#### Requirement
Give again, exactly as written, each line of the material below starting at the line that contains "27 cm square Aluminium Grill pan,,large 2" and ending at the line that contains "通过WhatsApp Business API". Both ends count, and no other line does.

#### Source records
Start of Block
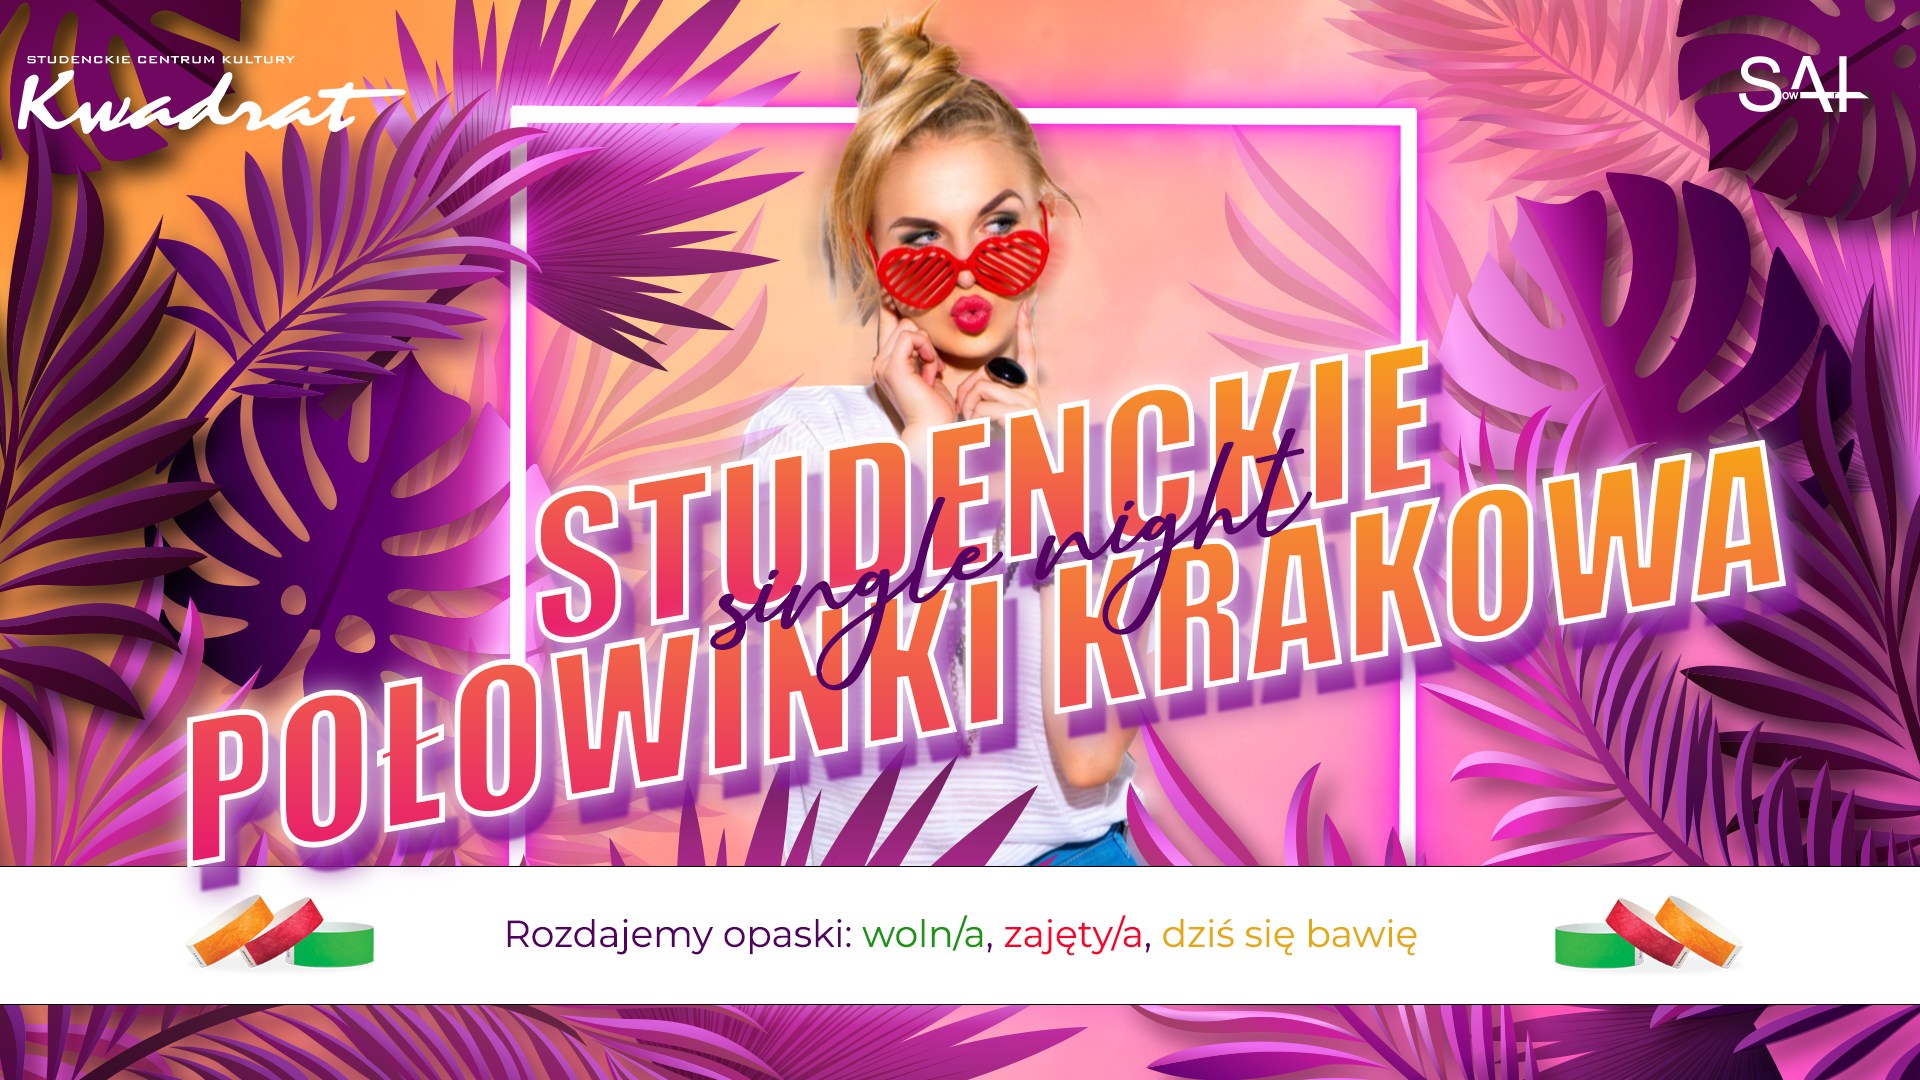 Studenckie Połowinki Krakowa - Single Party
End of Block
Start of Block
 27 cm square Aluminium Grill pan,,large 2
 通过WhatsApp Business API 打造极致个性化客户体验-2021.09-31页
End of Block
Start of Block
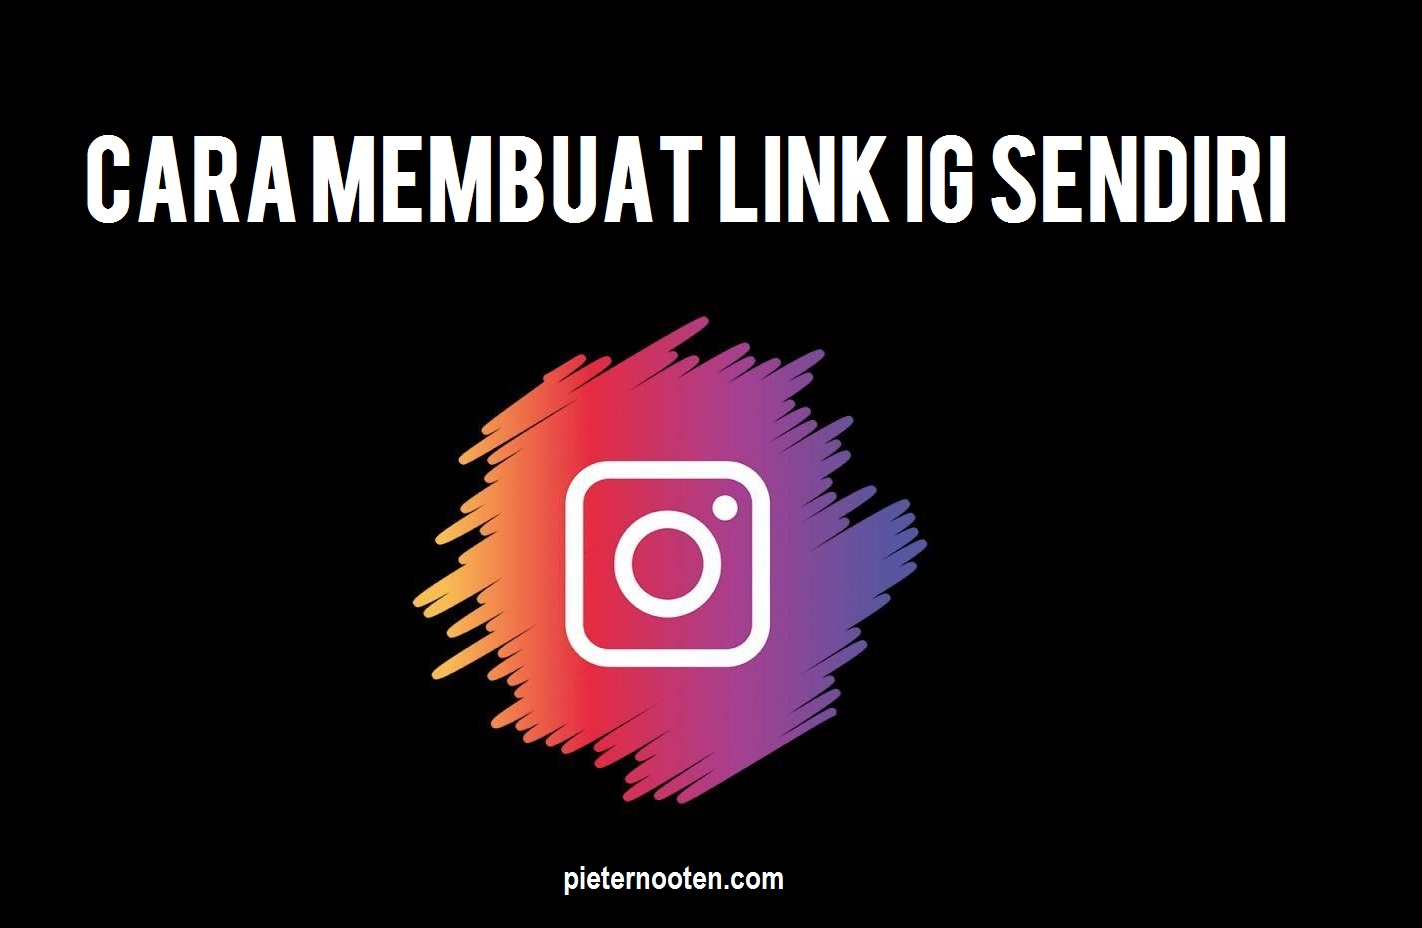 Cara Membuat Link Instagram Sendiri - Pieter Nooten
End of Block
#### Response to the exercise
 27 cm square Aluminium Grill pan,,large 2
 通过WhatsApp Business API 打造极致个性化客户体验-2021.09-31页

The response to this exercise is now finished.